Nov 11, 2012 at 10:51am

We may be as common as dirt, and rather insignificant. Still, with a little water and effort we can become mud. Mud in an unfashionable, backwater arm of the Milky Way. And we might manage to suck in the wheels of something more complex than us. Which will not cause that something to put us under an galactic microscope. It will just piss them off. That resounds quite well with my personality, however conflicted it is. So hopefully they won't pave over us.

Mosby

Nov 11, 2012 at 11:29am

I, for one, would welcome our overlords to come and eat our children.

Jonathan Swift suggested something similar almost 300 years ago, so let's get on with it already!
http://en.wikipedia.org/wiki/A_Modest_Proposal

Mark Fornataro

Nov 11, 2012 at 3:31pm

Re: we are"'gradually acquiring...a sense of proportion" reminds me of George Harrison's lyric from Within You Without You-" And to see you're really only very small,
And life flows ON within you and without you."
As for the BBC, feeling very much under siege (see link) perhaps they feel too alienated these days to allow aliens on earth. Better ban the movie Contact too.
http://www.guardian.co.uk/media/2012/nov/11/crisis-bbc-lord-patten

Bem Gock

Nov 11, 2012 at 5:21pm

I point out that the BBC transmits 10,000 times the radio energy out to the stars every day.
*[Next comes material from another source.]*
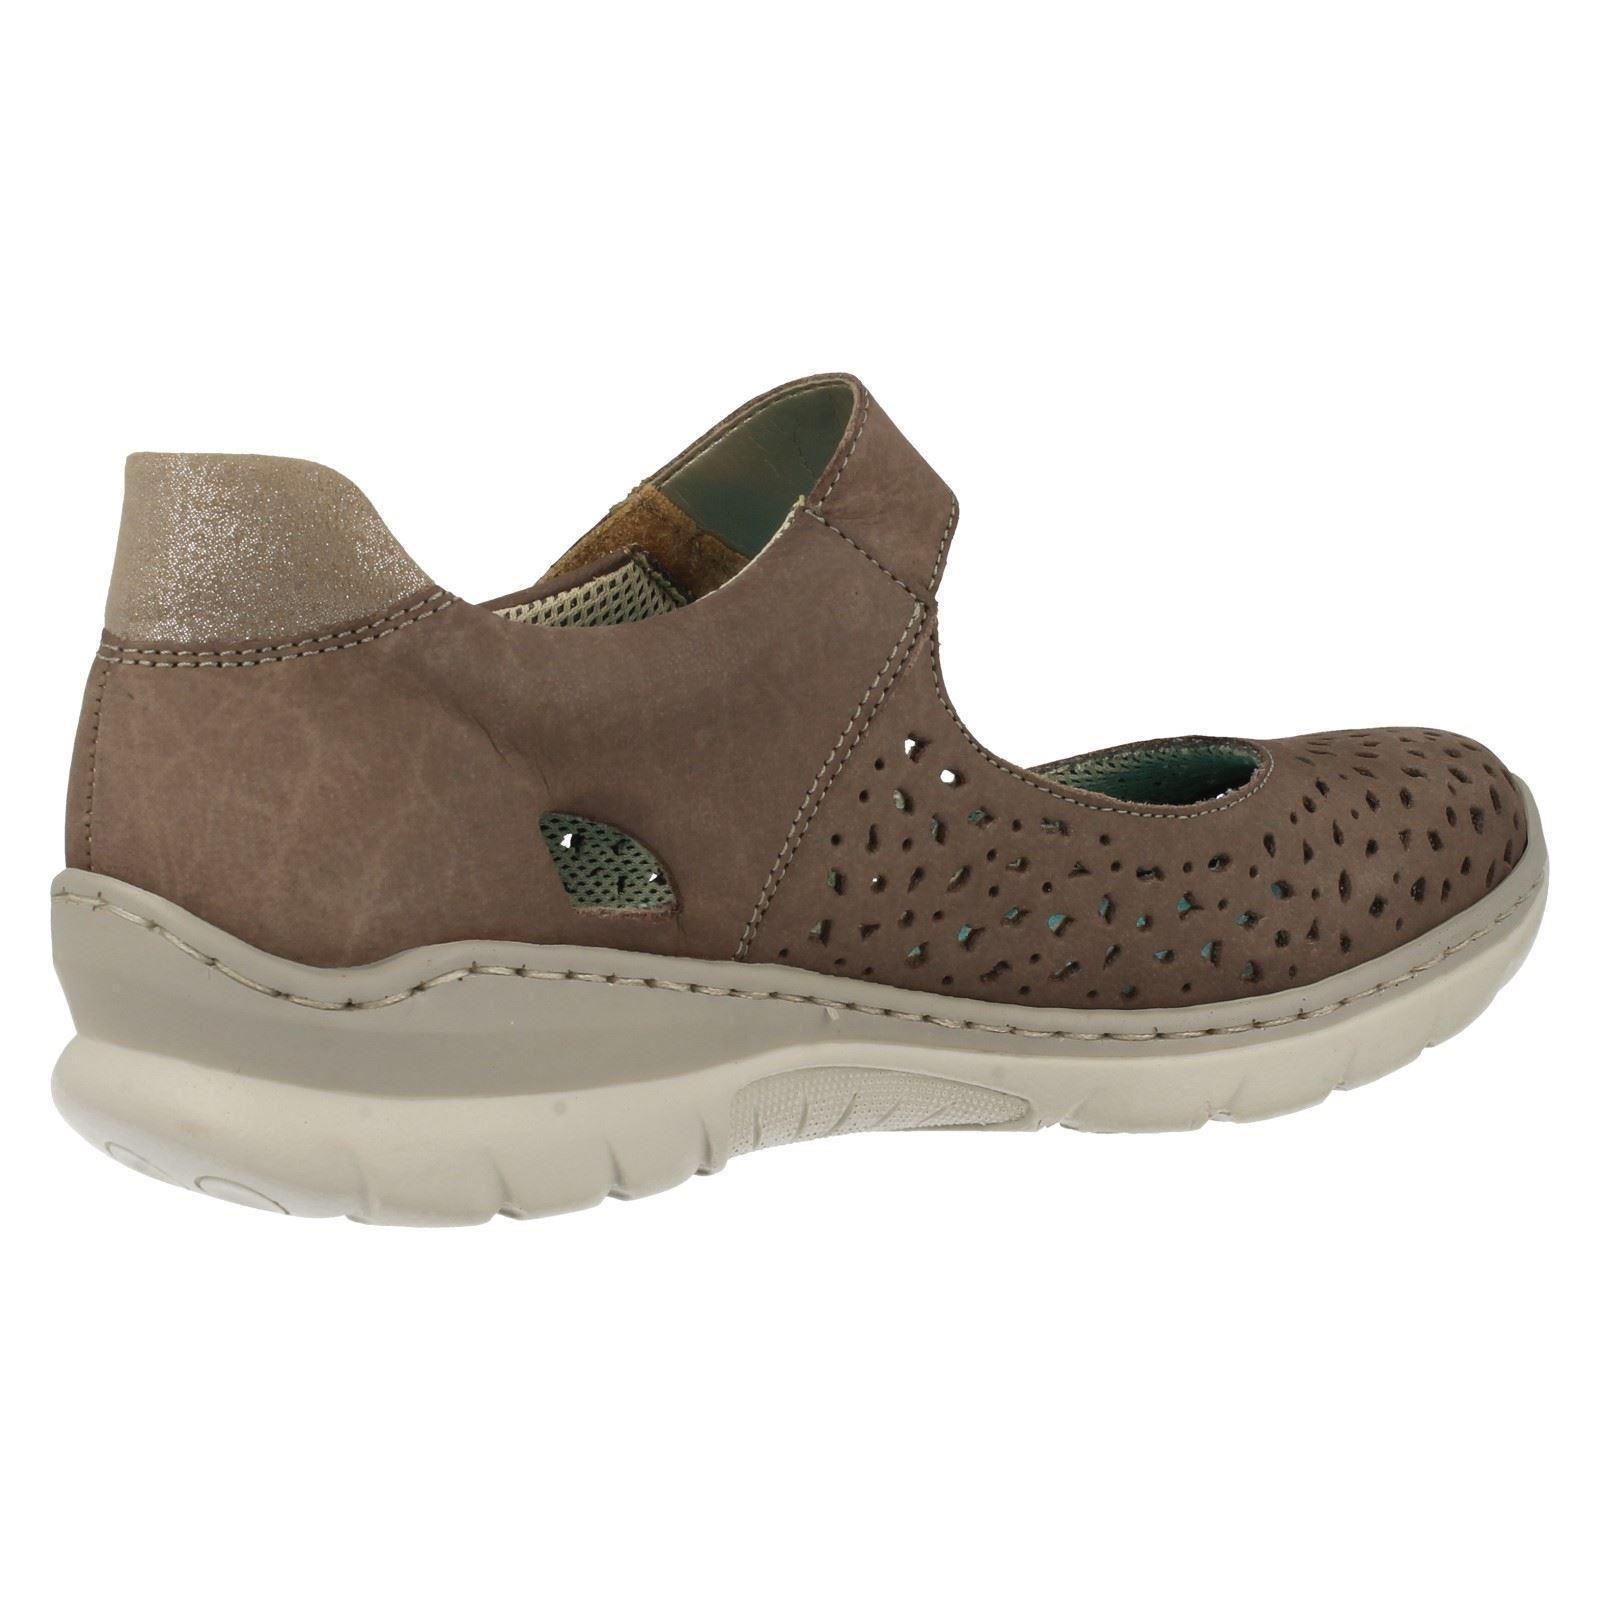 Ladies Rieker Casual Flat Shoes L3255

The reason we are coming to eat you is Simon Cowl.

Austin

Nov 11, 2012 at 6:35pm

If Stephen Hawking things active SETI is a bad idea, I would have to concur.

dru

Nov 11, 2012 at 9:17pm

I'm always mystified by some people's refusal to believe that life exists outside of Earth. Perhaps framing the question as: "do you believe in aliens?" conjures up some ridiculous sci-fi images of laser-gun pointing green men.
But the vastness of the Universe, and the sheer number of planets within it, tell me that it's quite reasonable to suppose that ONE of those planets is also teeming with life.

Jim Slock

Nov 11, 2012 at 9:34pm

Read the book "Rare Earth" by Peter Ward and you'll get the real deal on how unusual "complex" life is in the universe. I agree...simple living things may be common...but for beings no way Jose...a combination of many series of events and stages must happen. Too bad one being on this planet Earth is hell bent on testing the brink.

adam gee

Nov 11, 2012 at 9:48pm

Of course we're insignificant, thats why we feel special ordering a Starbucks tall hazelnut soy latte no whip extra shot of espresso in a venti cup for 7 dollars.

Logan

Nov 11, 2012 at 9:55pm

Great Article, but 1 in 100? thats not an understatement, its a vast, vast over statement. its likely closer to at least 1 in a 100,000. One simply has to look at how perfect the conditions had to be here. Size, Habitable Zone, Magnetic Field, Atmosphere Make-up, Jupiter absorbing astroids, Many even profess that the earth would not harbour life without the moon. And these odds are just for a planet with life, a planet with life as intelligent as us? 1 in 1 million of the planets with life, so 1 in 100 billion.